Falcon Energy Materials Initiates US$100 Million Damages Claim Against Republic of Guinea
Falcon pivots to litigation as Guinea expropriates flagship Lola project, shifting all commercial hopes to Moroccan anode strategy.

The most recent news (March 16, 2026) confirms that Falcon Energy Materials has initiated international arbitration against the Republic of Guinea at the ICSID. The company is seeking US$100 million in damages following the expropriation of its flagship Lola Graphite Project. This follows a period of uncertainty starting in May 2025 when the Guinean government issued a decree revoking 51 mining permits, including Lola’s. Falcon claims the revocation is illegal under the 2011 Guinean Mining Code and the UAE-Guinea Bilateral Investment Treaty. The company has secured legal funding and engaged LALIVE to pursue the claim while shifting its operational focus entirely to its Anode Plant in Morocco.
The impact is Material - Negative. While the US$100 million claim represents a potential future cash windfall, the immediate reality is the total loss of the company's primary upstream resource asset. - Loss of Vertical Integration: The original investment thesis relied on the Lola project providing the raw material for the Moroccan anode plant. Falcon is now an "asset-light" processor that must source graphite from third parties, potentially impacting margins and supply security. - Litigation Risk: Arbitration is notoriously slow, often taking 3–5 years.
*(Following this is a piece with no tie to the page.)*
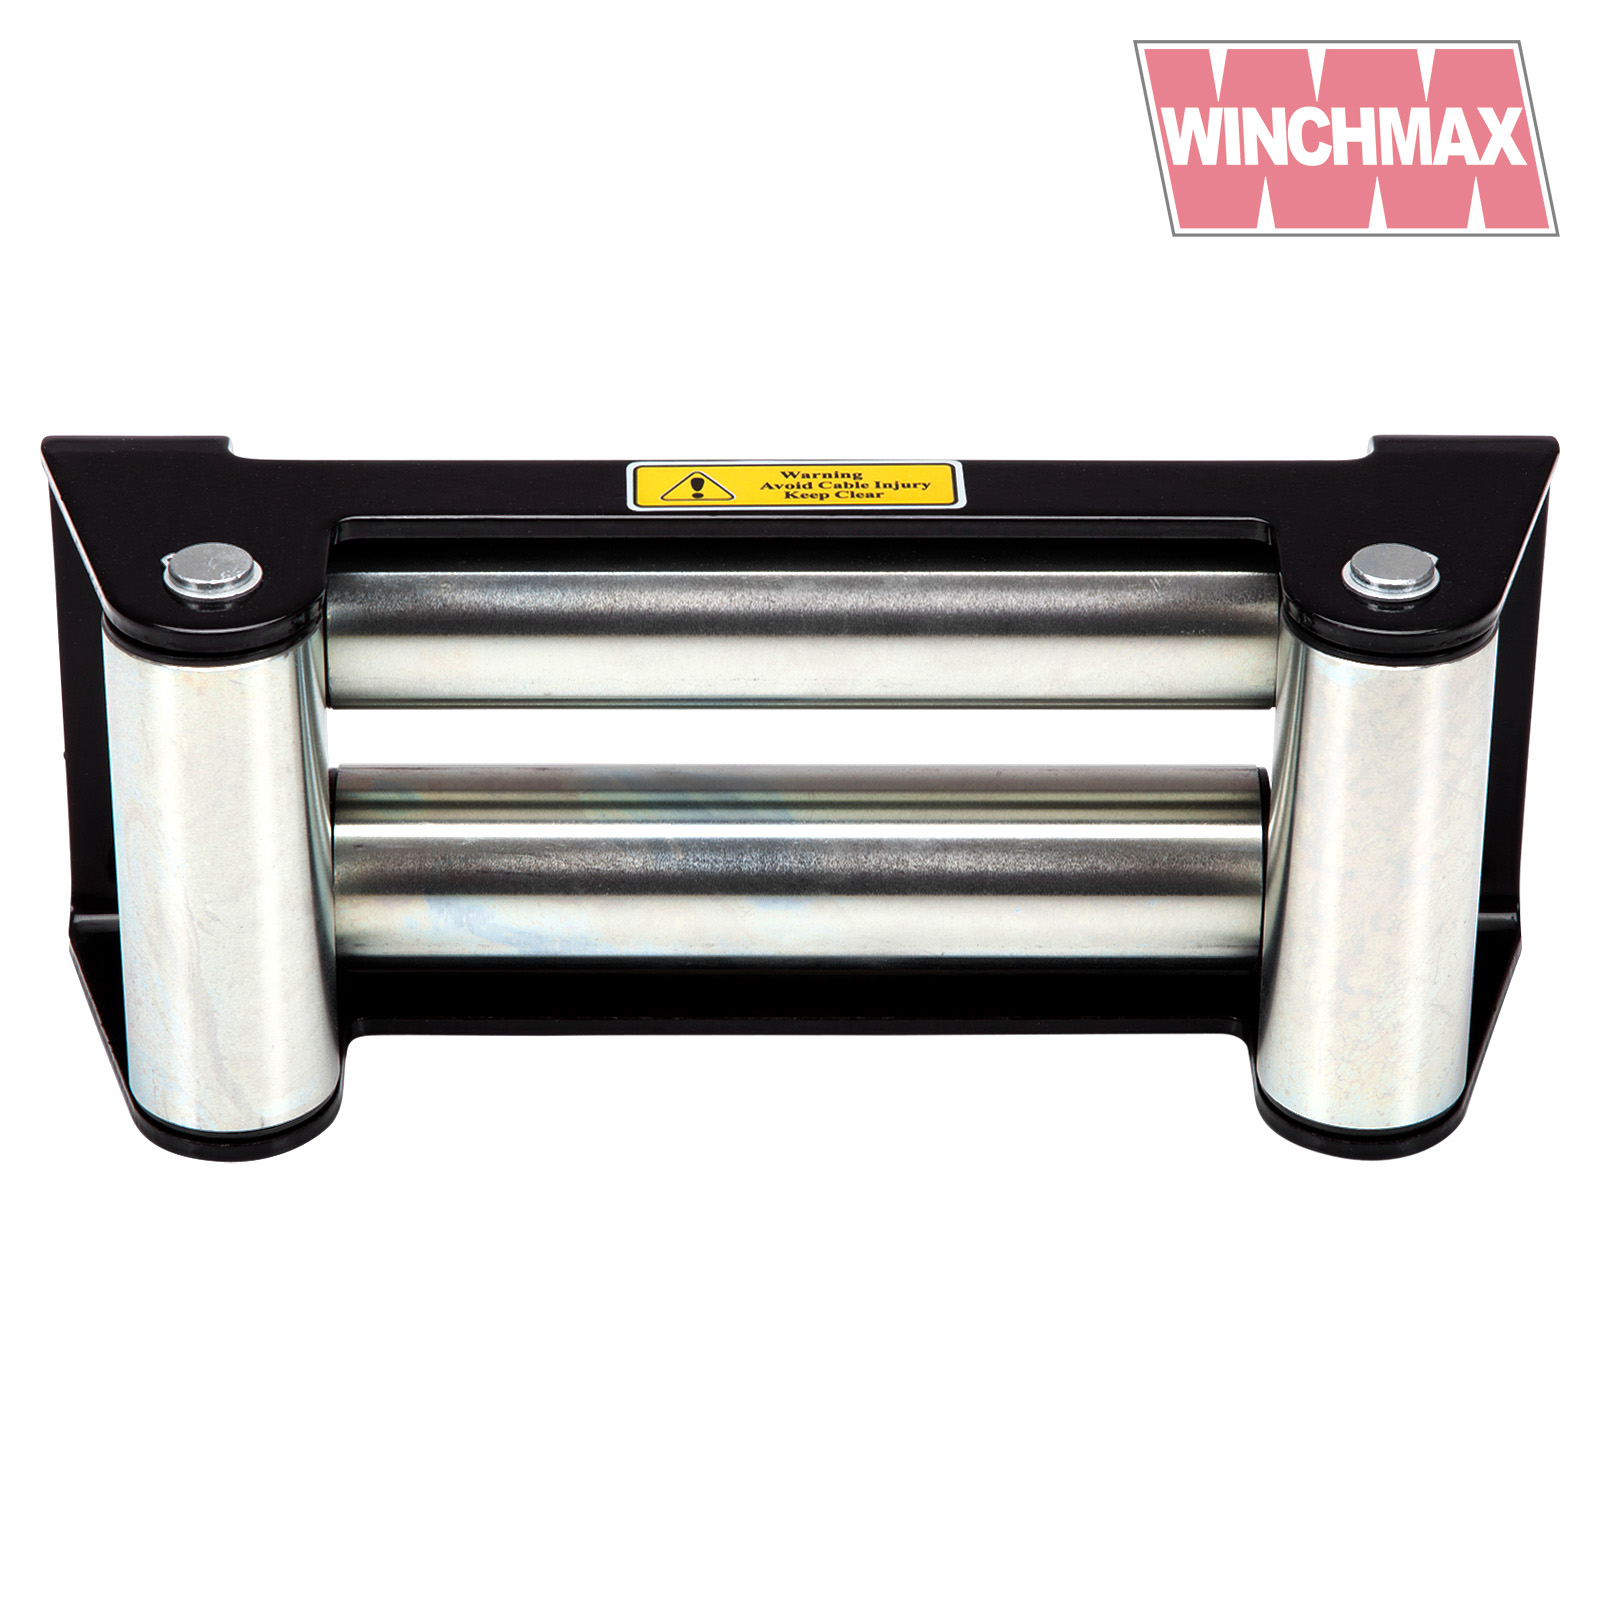 Wmrf winchmax 543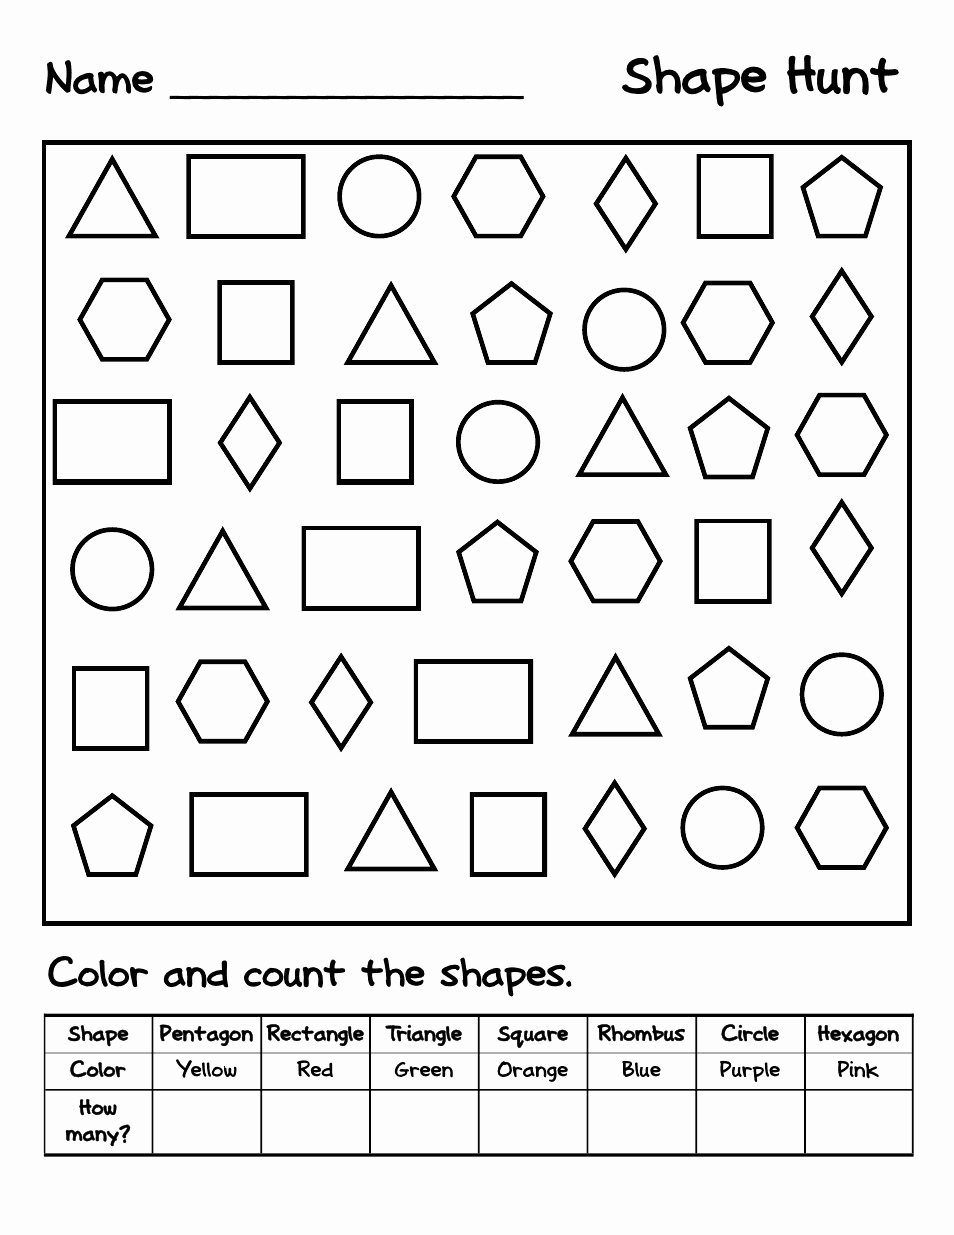 Identify Shapes Worksheet Kindergarten Luxury Shape Hunt Pdf Google Drive

Even if Falcon wins, collecting a US$100 million award from a sovereign nation like Guinea presents significant enforcement hurdles. - Strategic Pivot: The company is now entirely dependent on the success of the Morocco Anode Plant. While the technical study (Nov 2025) showed robust economics (US$86M CapEx, US$152M projected EBITDA), the loss of the mine removes the "floor" of resource value from the balance sheet.
Falcon Energy Materials (formerly SRG Mining) is focused on becoming a non-Chinese supplier of Coated Spherical Purified Graphite (CSPG) for the EV battery market. - Flagship Project (Current): The Morocco Anode Plant at Jorf Lasfar. It targets 26,000 tonnes per annum of CSPG with an initial CapEx of US$86 million. - Former Flagship: The Lola Graphite Project in Guinea, now subject to expropriation and arbitration.